-- SUPPLIED DATA follows --

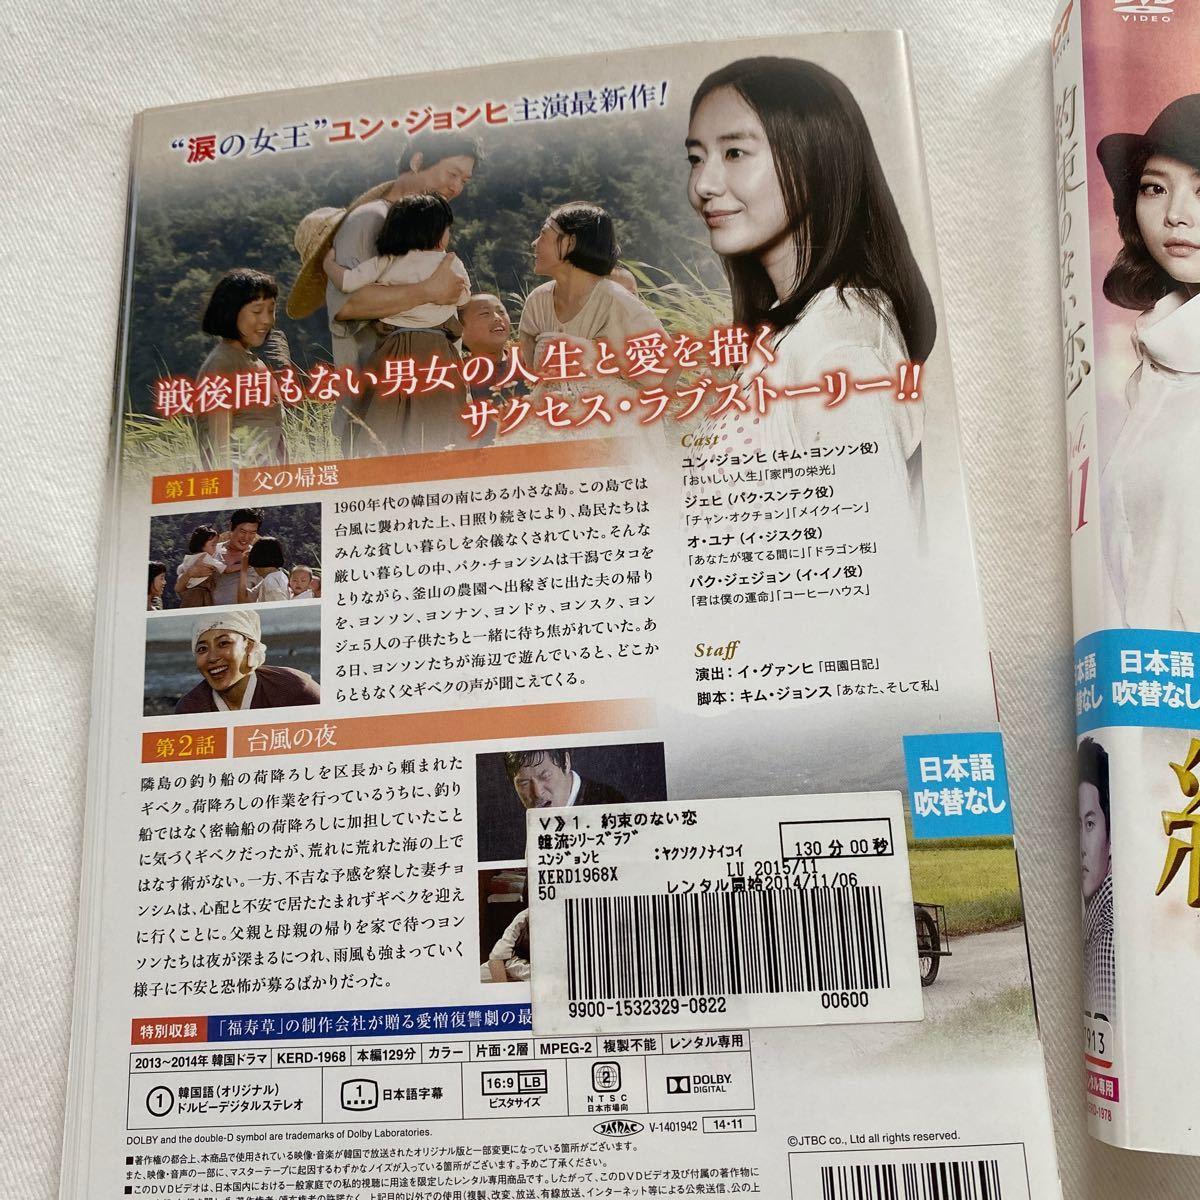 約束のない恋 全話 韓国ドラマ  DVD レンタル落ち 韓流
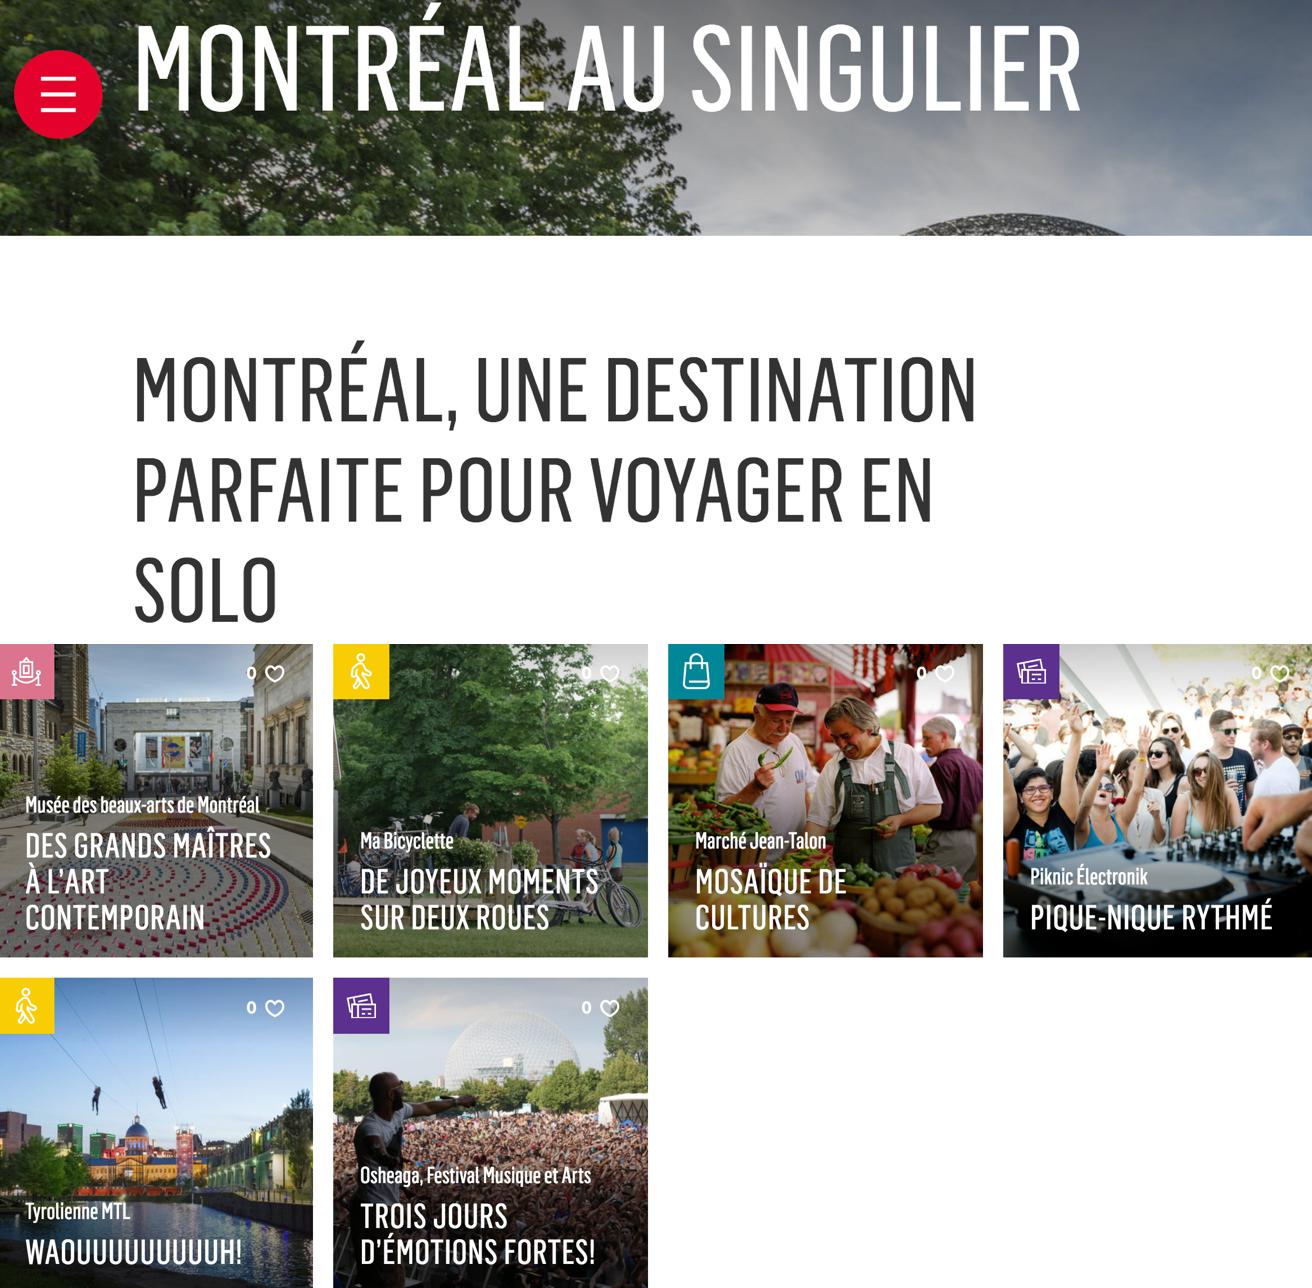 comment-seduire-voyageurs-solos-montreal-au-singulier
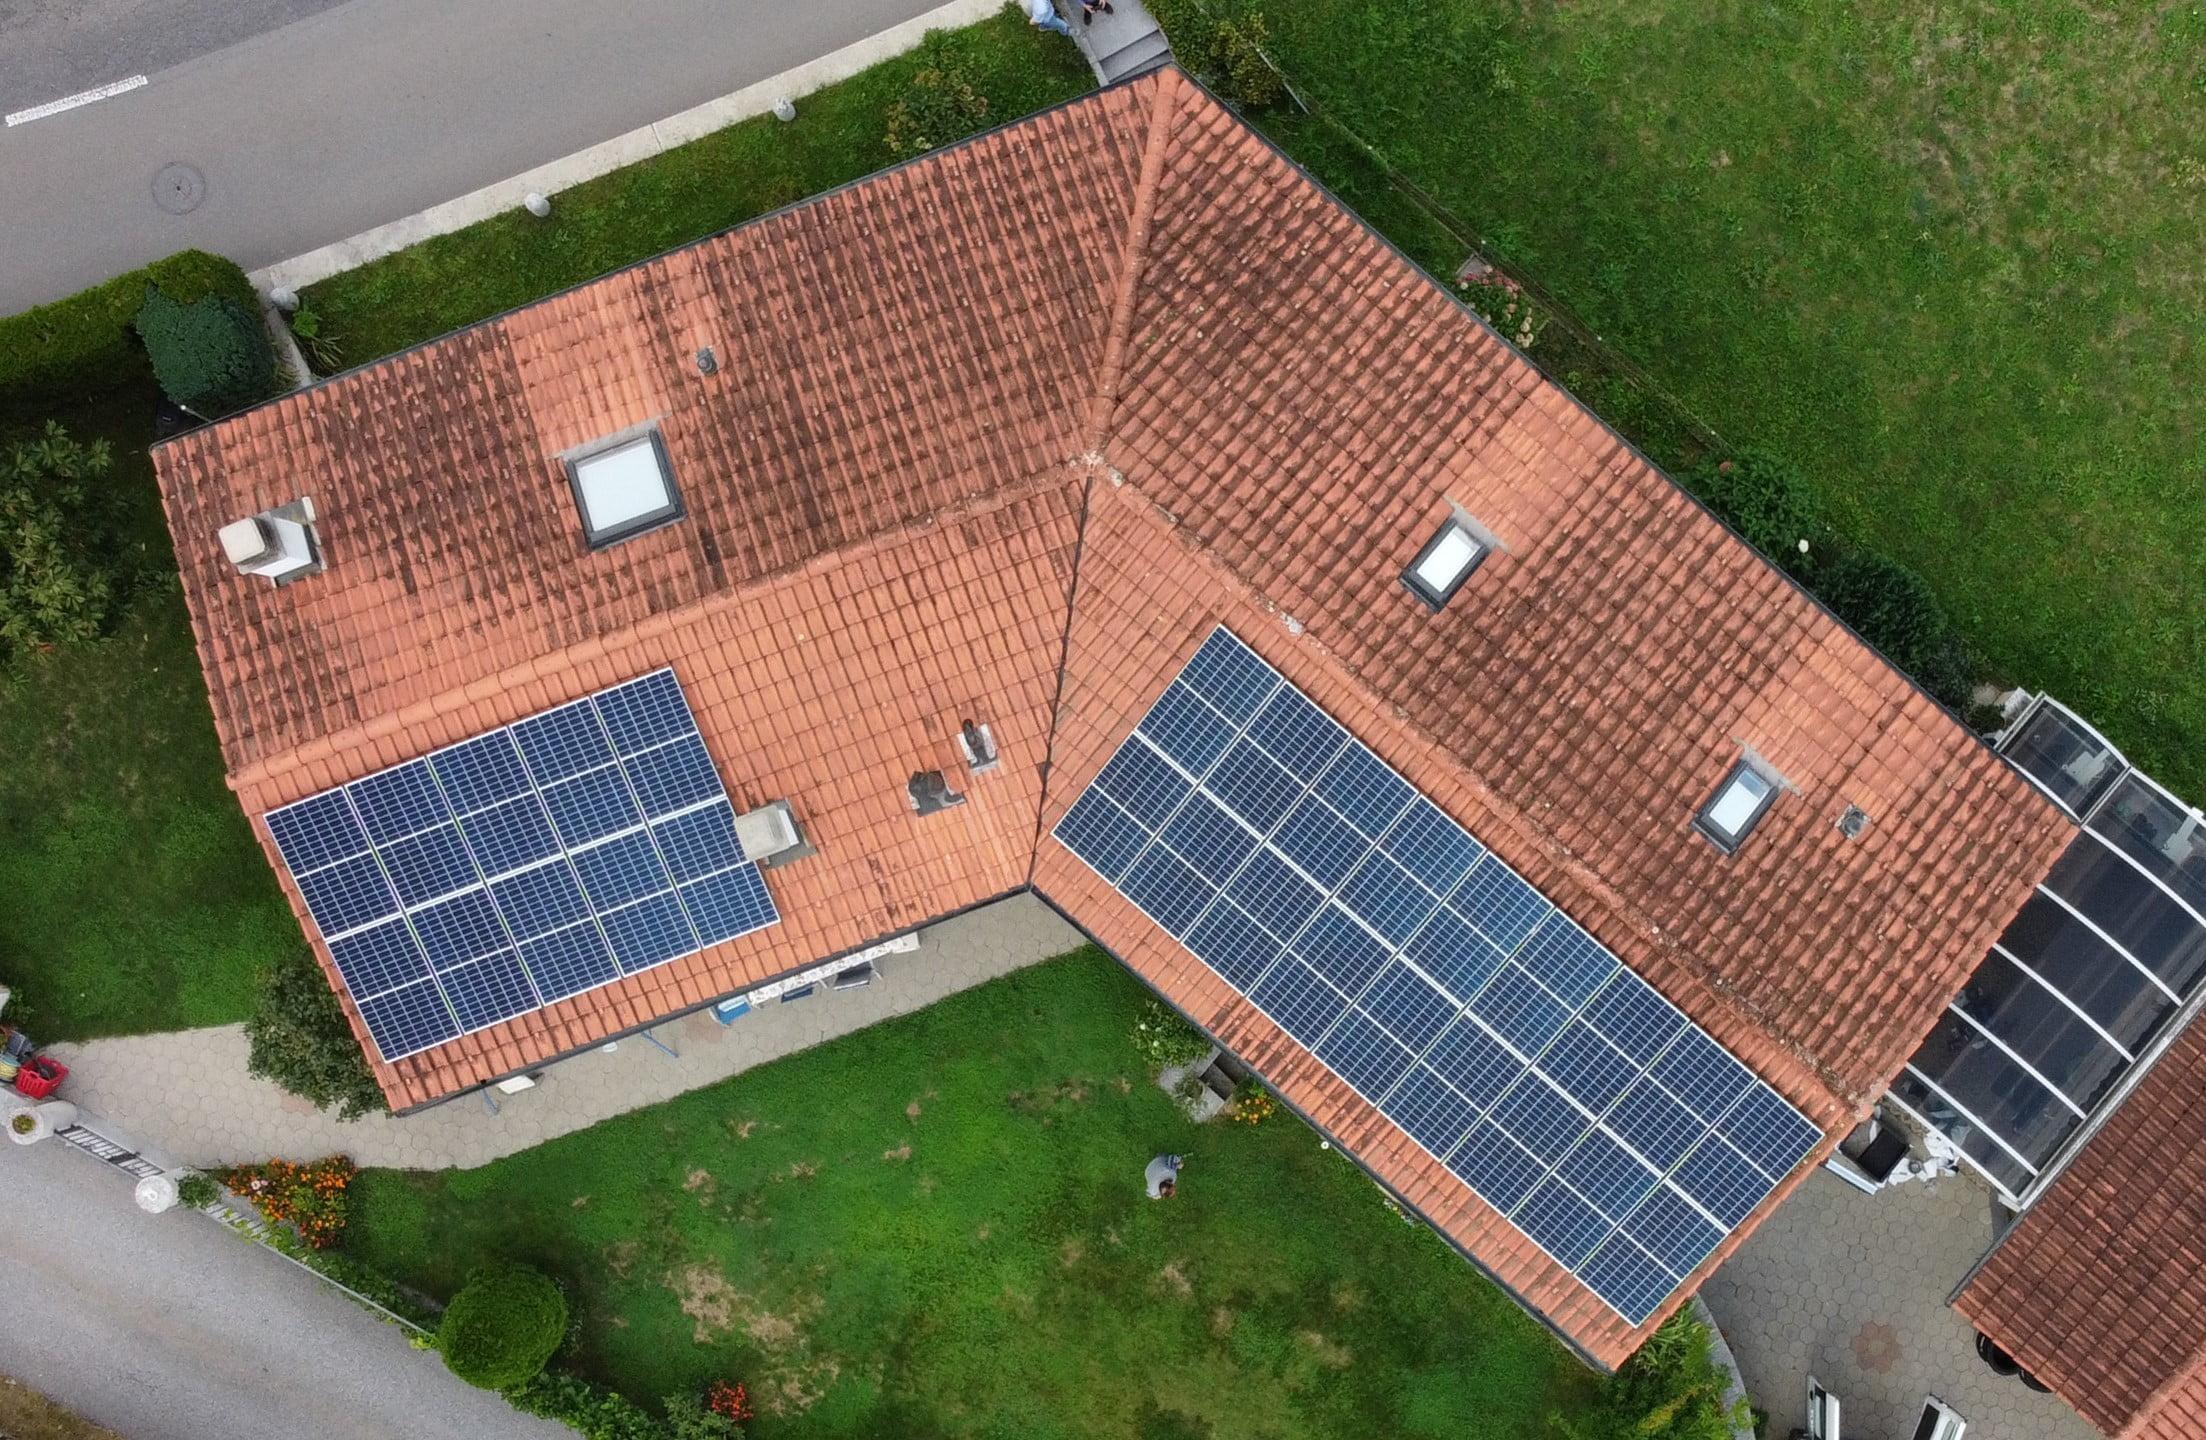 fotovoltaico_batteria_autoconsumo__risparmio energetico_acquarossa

-- SUPPLIED DATA concluded --

What you give back should be the full material above, retyped exactly, with every image removed.

## WRITTEN SOLUTION
 約束のない恋 全話 韓国ドラマ  DVD レンタル落ち 韓流
 comment-seduire-voyageurs-solos-montreal-au-singulier
 fotovoltaico_batteria_autoconsumo__risparmio energetico_acquarossa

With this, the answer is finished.